Cross-shore irregular wave transformation and sediment transport in surf and swash zones

A time-averaged model based on the finite-amplitude shallow-water equations is developed to predict the root-mean-square wave height, wave setup, and free surface skewness and kurtosis from outside the surf zone to the inner swash zone. This model includes nonlinear correction terms in the cross-shore radiation stress and energy flux that become important in very shallow water. Calibration and initial comparisons to laboratory tests are presented; additional comparisons to independent laboratory tests and field data are presented as verification. The model is shown to predict the cross-shore variations of the skewness and kurtosis as well as the root-mean-square wave height and setup on laboratory and natural beaches.; Second, a time-averaged model to predict both erosional and accretional beach profile evolutions is presented. The cross-shore sediment transport is analyzed on the basis of the time-dependent, depth-integrated sediment continuity equation including sediment suspension, storage, advection and settling. The energetics approach is shown to correspond to the special case of local equilibrium between sediment suspension and settling. The corresponding time-averaged model with simplifying assumptions yields a uniform suspension rate for the standard equilibrium profile. The simplified time-averaged model with new moving boundary conditions is compared with erosional and accretional beach profile evolutions under regular waves.
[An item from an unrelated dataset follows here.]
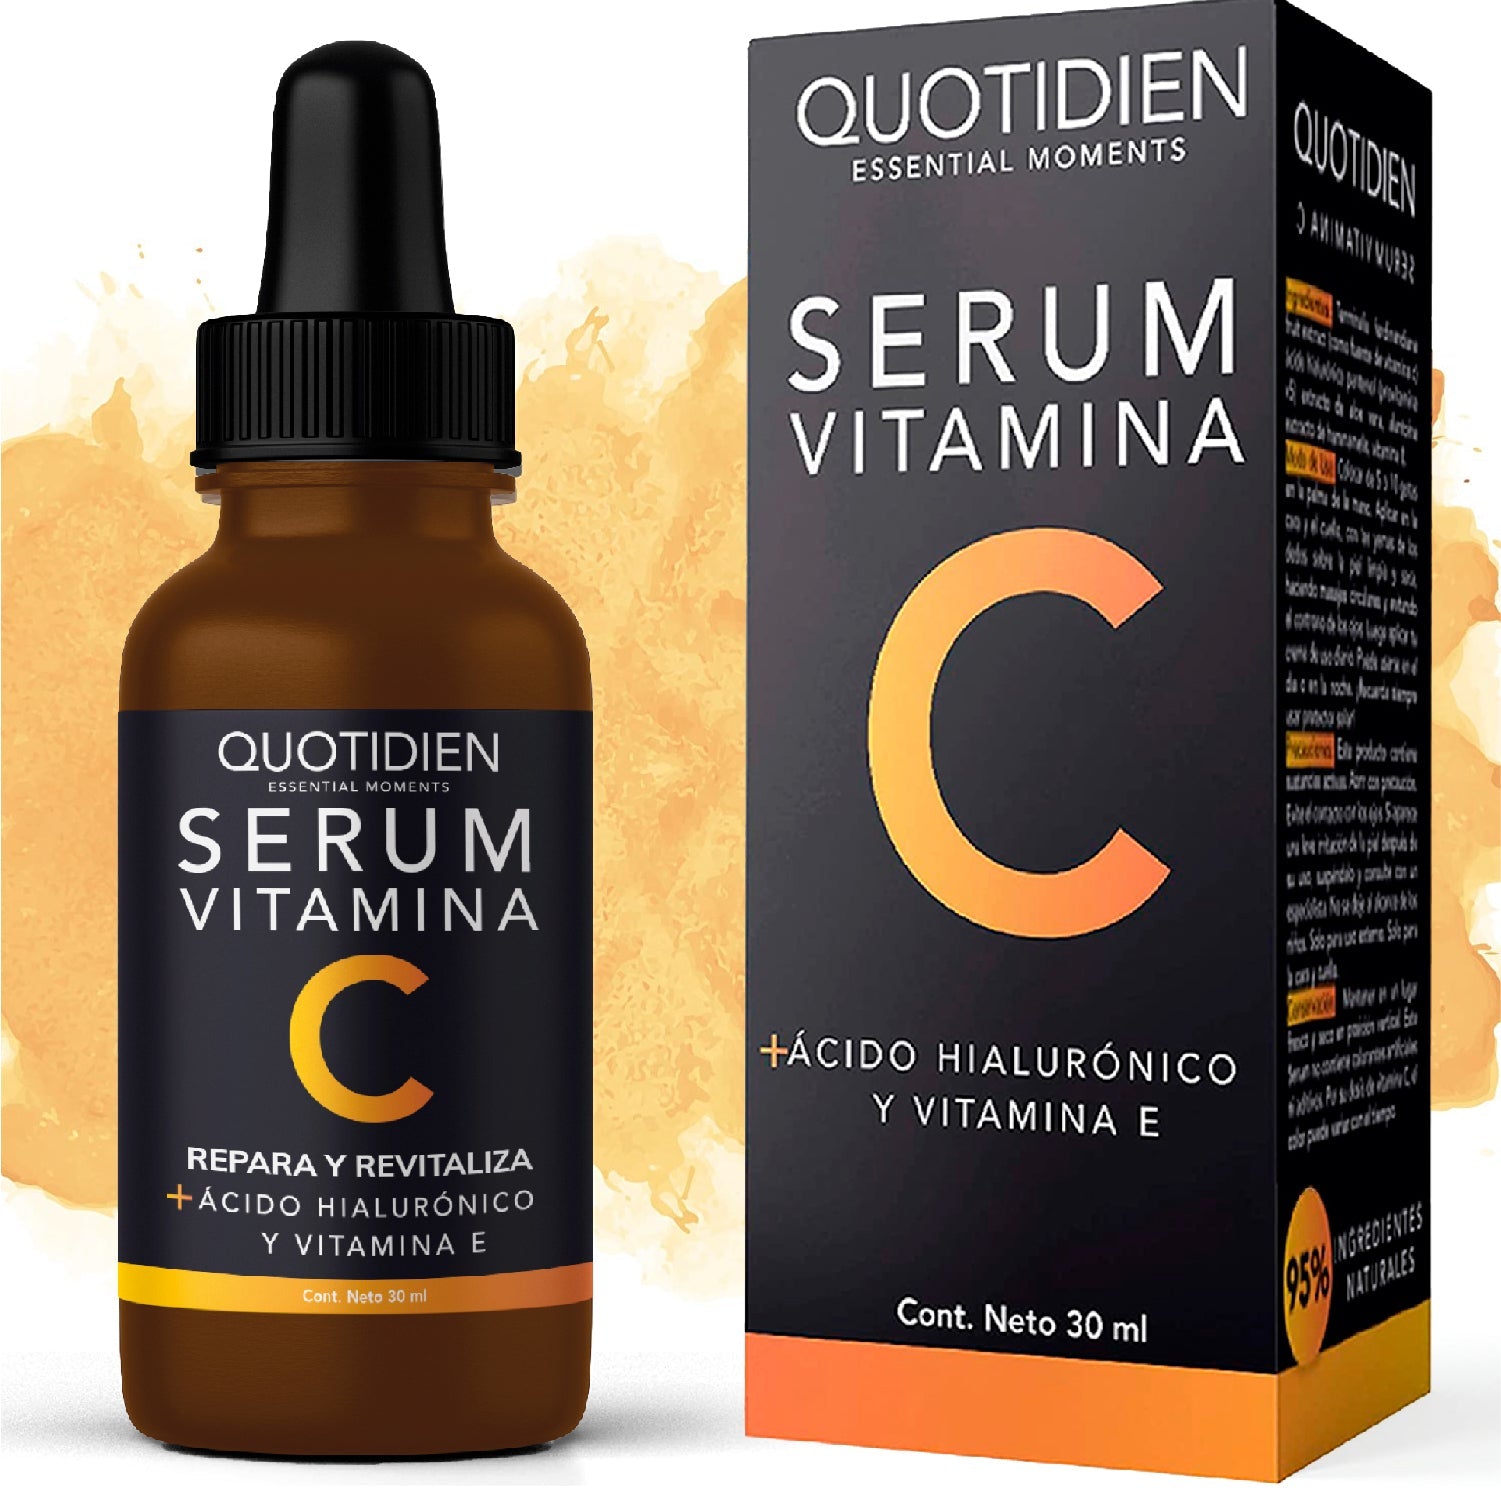 Serum Vitamina C + Ácido Hialurónico + Vitamina E- 95% Ingredientes Naturales - Para Todo Tipo de Piel - 30ml (Mayoreo)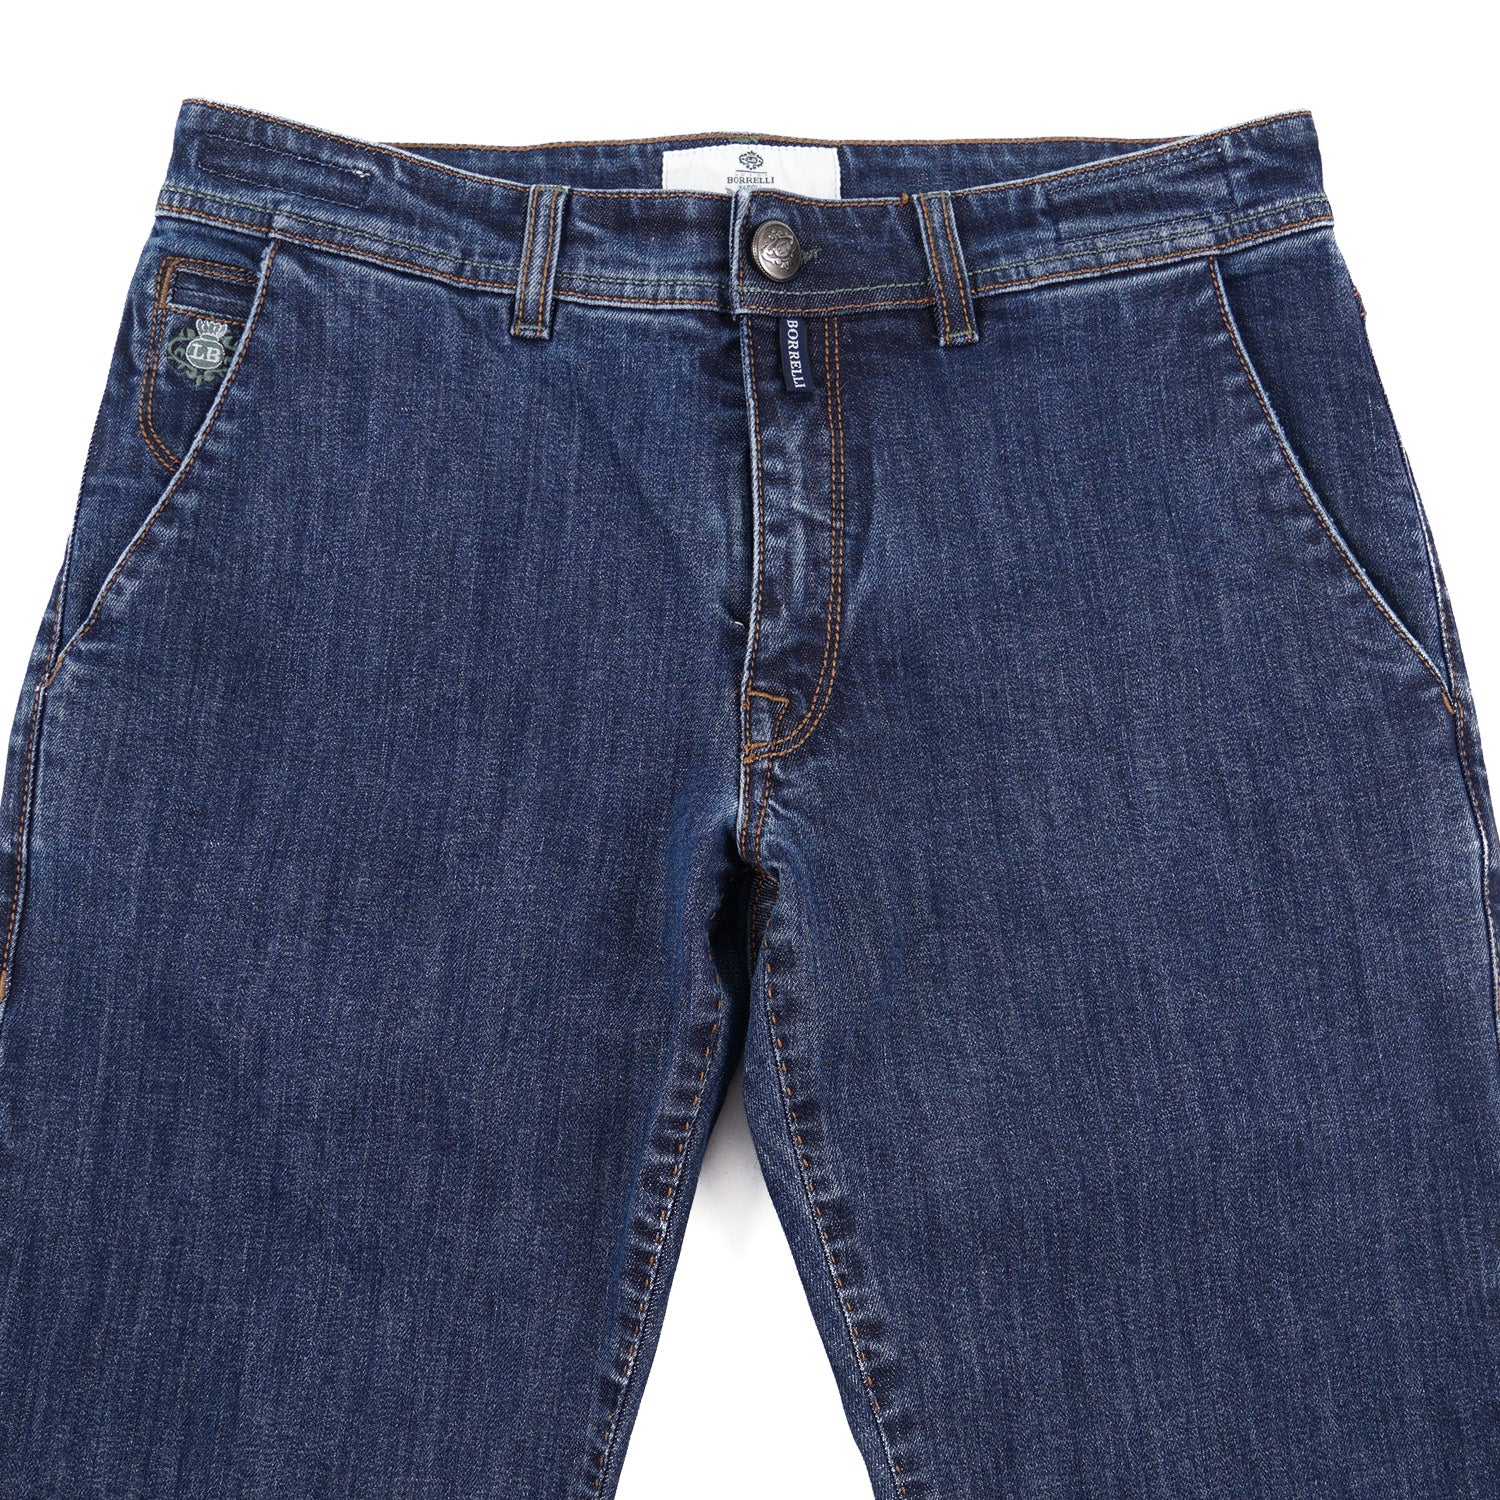 Luigi Borrelli Extra-Slim Denim Jeans - Top Shelf Apparel

The sediment suspension rate estimated for the equilibrium terraced and barred beaches under irregular waves is found to be roughly uniform in the surf zone but increases significantly in the swash zone.; Finally, a time-dependent, cross-shore sediment transport model in the surf and swash zones is developed to predict both beach accretion and erosion. The model is based on the depth-integrated sediment continuity equation which includes sediment suspension by turbulence generated by wave breaking and bottom friction, sediment storage in the entire water column, sediment advection by waves and wave-induced return current, and sediment settling on the movable bottom. The developed model is compared with three large-scale laboratory tests and predicts sediment suspension and sediment concentration in a physically realistic manner. The present computation is limited to the initial beach profile change, but the model is capable of predicting the accretional, erosional and neutral profile changes.